Article Contents
Article Contents

# Particle approximation of one-dimensional Mean-Field-Games with local interactions

• *Corresponding author: Serikbolsyn Duisembay

M. Di Francesco was supported by KAUST during his visit in 2020

S. Duisembay, D. A. Gomes and R. Ribeiro were partially supported by King Abdullah University of Science and Technology (KAUST) baseline funds and KAUST OSR-CRG2021-4674

• We study a particle approximation for one-dimensional first-order Mean-Field-Games (MFGs) with local interactions with planning conditions. Our problem comprises a system of a Hamilton-Jacobi equation coupled with a transport equation. As we deal with the planning problem, we prescribe initial and terminal distributions for the transport equation. The particle approximation builds on a semi-discrete variational problem. First, we address the existence and uniqueness of a solution to the semi-discrete variational problem. Next, we show that our discretization preserves some previously identified conserved quantities. Finally, we prove that the approximation by particle systems preserves displacement convexity. We use this last property to establish uniform estimates for the discrete problem. We illustrate our results for the discrete problem with numerical examples.

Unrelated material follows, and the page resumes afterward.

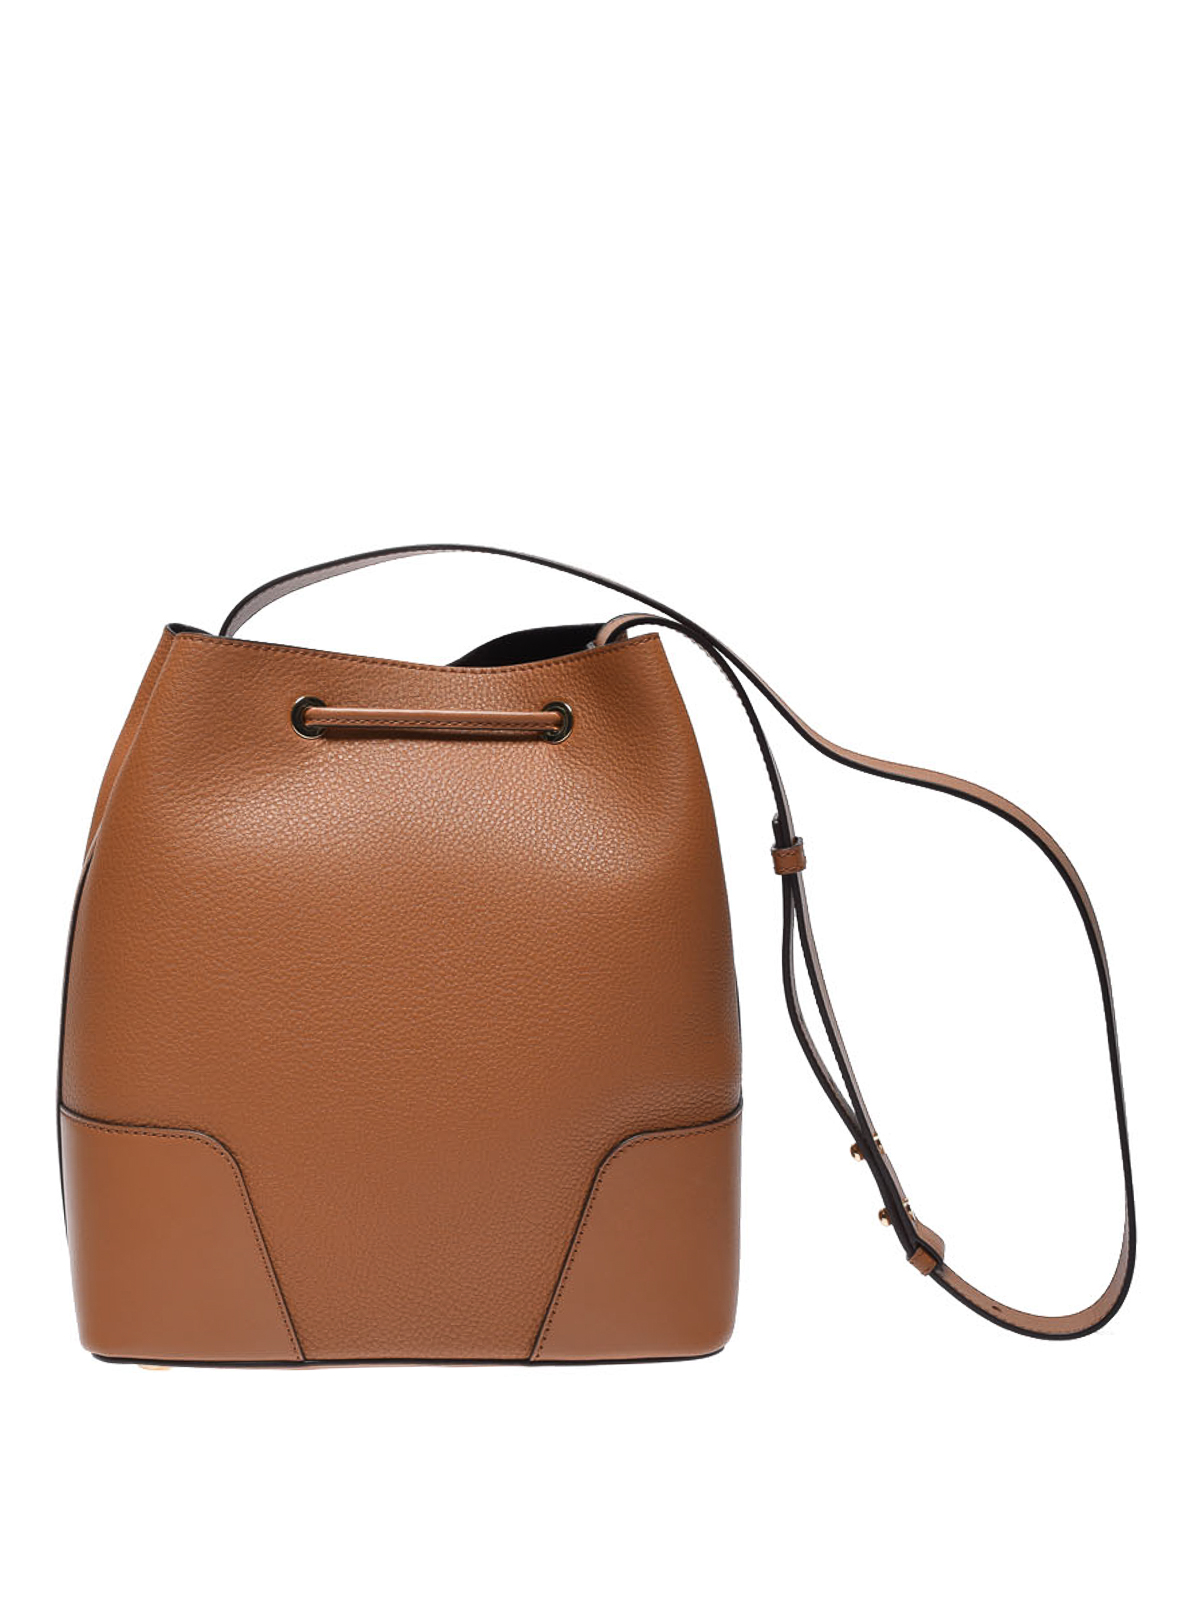 MICHAEL Michael Kors Bucket bags and bucket purses for Women

Mathematics Subject Classification: Primary: 91A16, 49N80; Secondary: 65C35.

 Citation:

• Figure 1.  Periodic case: $\Omega = \mathbb{T}$, $g(m) = m^2/2$ (hence, $G(r) = r^2/6$) and $V(x,t)$ is given by (32). (A) Optimal trajectories of the $N = 50$ particles minimizing (31). (B) Exact and approximate CDFs for $N = 50$ at $t = T/2$

Figure 2.  $\Omega = \mathbb{R}$, $g(m) = m$ (hence, $G(r) = r/2$) and $V(x,t)$ is given by (34). (A) Optimal trajectories of the $N = 50$ particles minimizing (31). (B) Exact and approximate CDFs for $N = 50$ at $t = T/2$

Figure 3.  $\Omega = \mathbb{R}$, $g(m) = m$ (hence, $G(r) = r/2$) and $V(x,t)$ is given by (35). (A) Optimal trajectories of the $N = 50$ particles minimizing (31). (B) Exact and approximate CDFs for $N = 50$ at $t = T/2$

Figure 4.  $L(v) = v^2/2$. (A) Optimal trajectories of the particles. (B) Discrete conserved quantity $\sum_{i = 1}^{N} L'\left(\frac{x_i^{m+1}-x_i^m}{\Delta t}\right)R_i$. (C) Discrete approximation of the semi-discrete quantity $\sum_{i = 1}^N (L'(u_i)u_i-L(u_i)-G(R_i))R_i$ given by (21)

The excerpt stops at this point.